My Fitbit makes me accountable for my choices. If I choose a muffin over a apple, I know I’ll have to put it into my app and relive my unhealthy choice. If I decide to blob on the couch after tea instead of going for a walk, my Fitbit step goal won’t be reached. I also choose not to worry too much about using the app in the weekends and focus more on the week days. This makes it easier for me to get out and walk in the week if I know I get the weekend off!

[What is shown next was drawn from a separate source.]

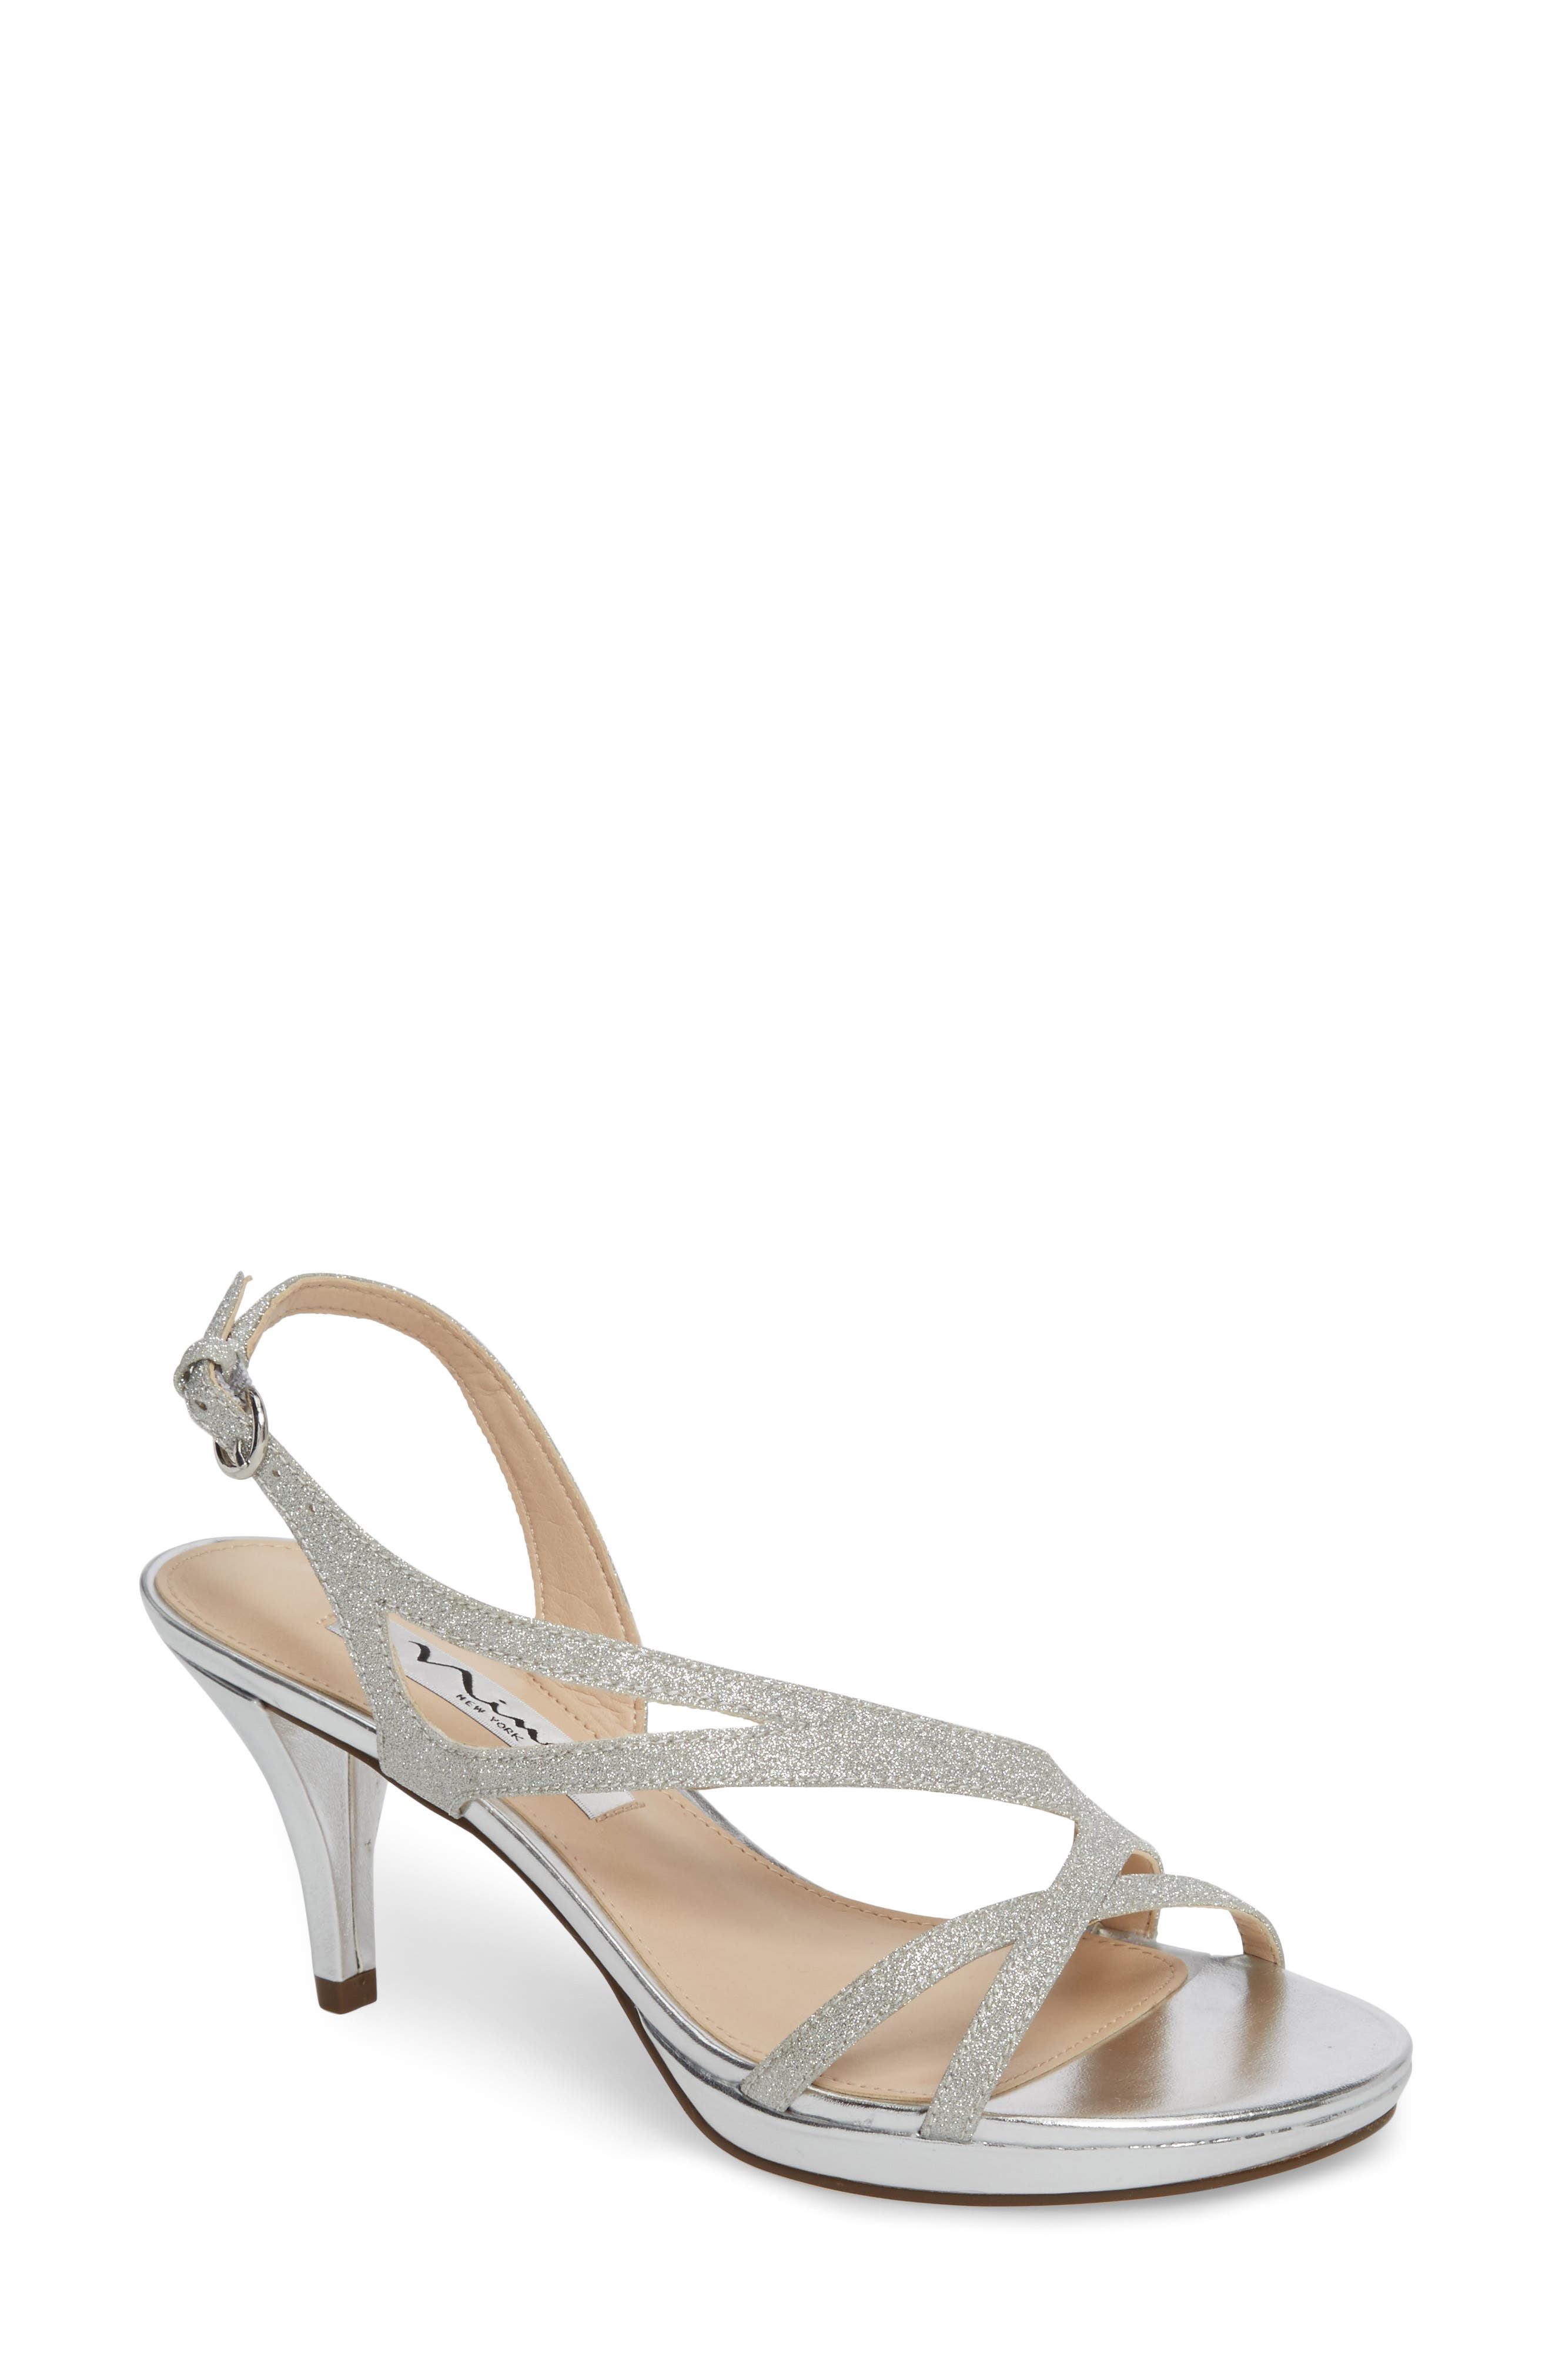 Nura Sandal,                         Main,                         color, Silver Glitter Fabric
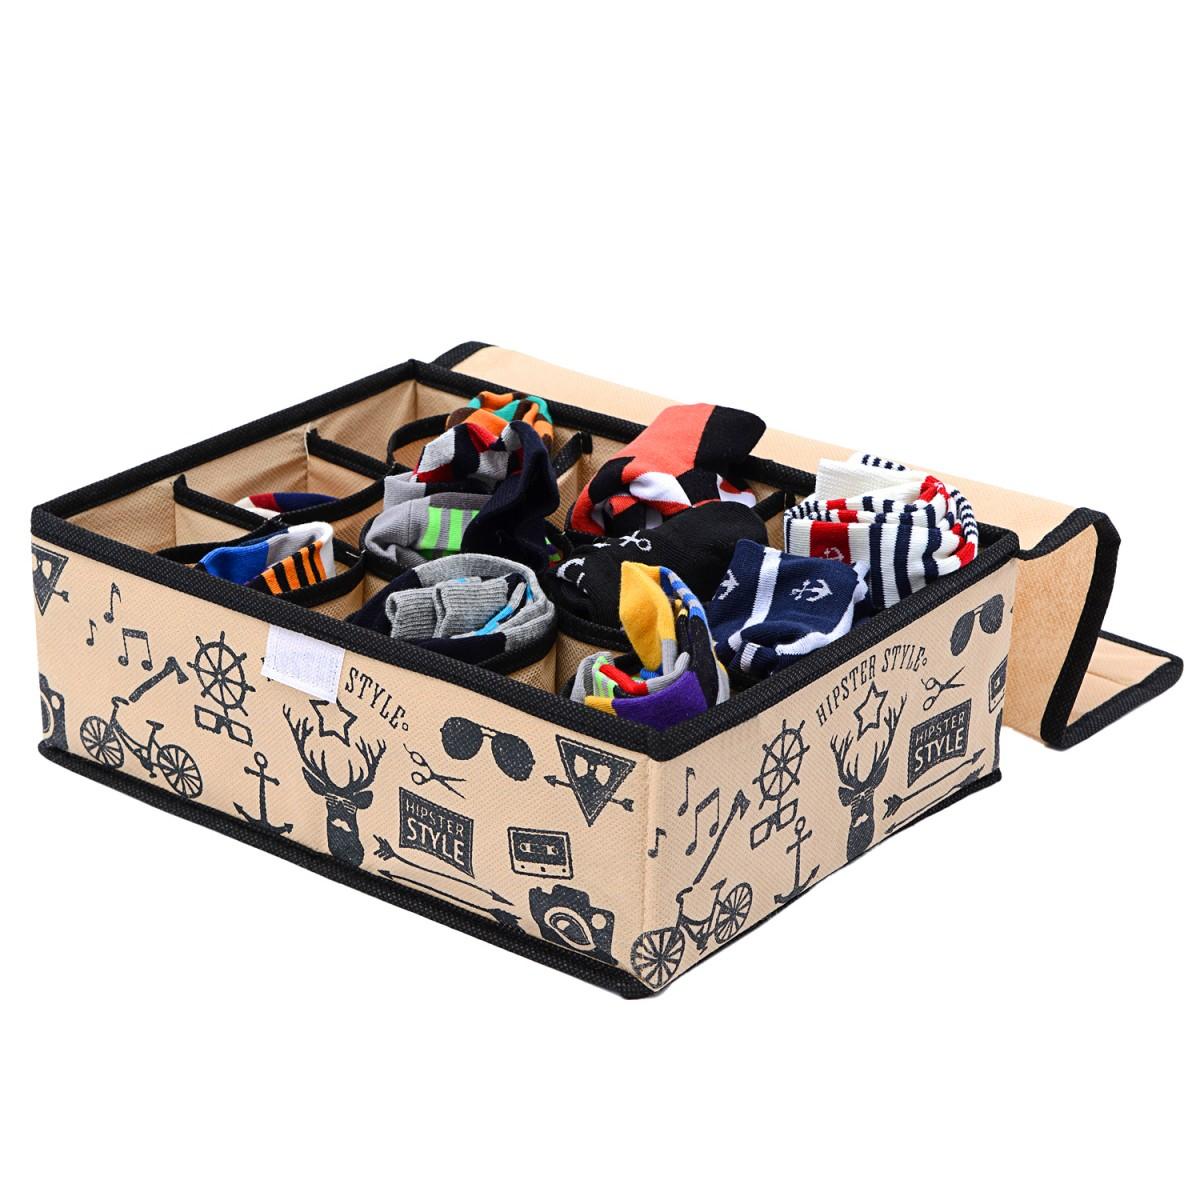 Купить органайзер с крышкой на 18 секций Hipster Style 31 х 24 х 11 см

Thank you so much for reading! This is an awkward subject to talk about right? Please let me know in the comments below if you have any further tips for me or could suggest some yummy and healthy recipes
Rubi says
I really dont enjoy exercising but Blogilates videos on YouTube are kinda fun, plus theyre great if you are home most of the day and dont want to commute to a gym
Robyn says
My husband is a runner and he recently bought a Fitbit as an alternative to an expensive GPS watch. He then realised it didn’t have all the functions he needed and tried to palm it off onto me. It has sat, neglected, on my self for a few weeks now, but I’m feeling a little bit inspired by your post. Maybe I will relent and try it on for size. Well done on all of your new healthy habits! I’ve also challenged myself to drink more water this year and have noticed a good improvement in my dry skin as well :)
Brittney Guise says
Yeah try it on! I was so skeptical of it at first but I’ve grown to love it. Thanks for stopping by!
Jodine [misses mac] says
This just makes me want a Fitbit even more!! Great photography BTW :)
Brittney Guise says
Thanks Jodine! I really love my one!
Karen says
Perfect timing, Brittney! My husband and I have just added tracker apps to our phones and he is now talking about getting a fitbit. I’m trying to record my steps, my sleep and my water intake, but keep forgetting to record them or carry my phone with me! Thanks for the reminder!
Brittney Guise says
I NEVER have my phone with me as I’m usually not wearing things with pockets. Women’s clothing is a pain like that! My Fitbit and I had a bumpy start but I think I love it now!
Cindy says
Hello! I agree that drinking sufficient water keeps you fit and energetic. Setting some specific goals and keep motivating your self to achieve those can really be helpful. Thanks for the informative blog.
Brittney Guise says
Yes definitely! Thanks for stopping by Cindy!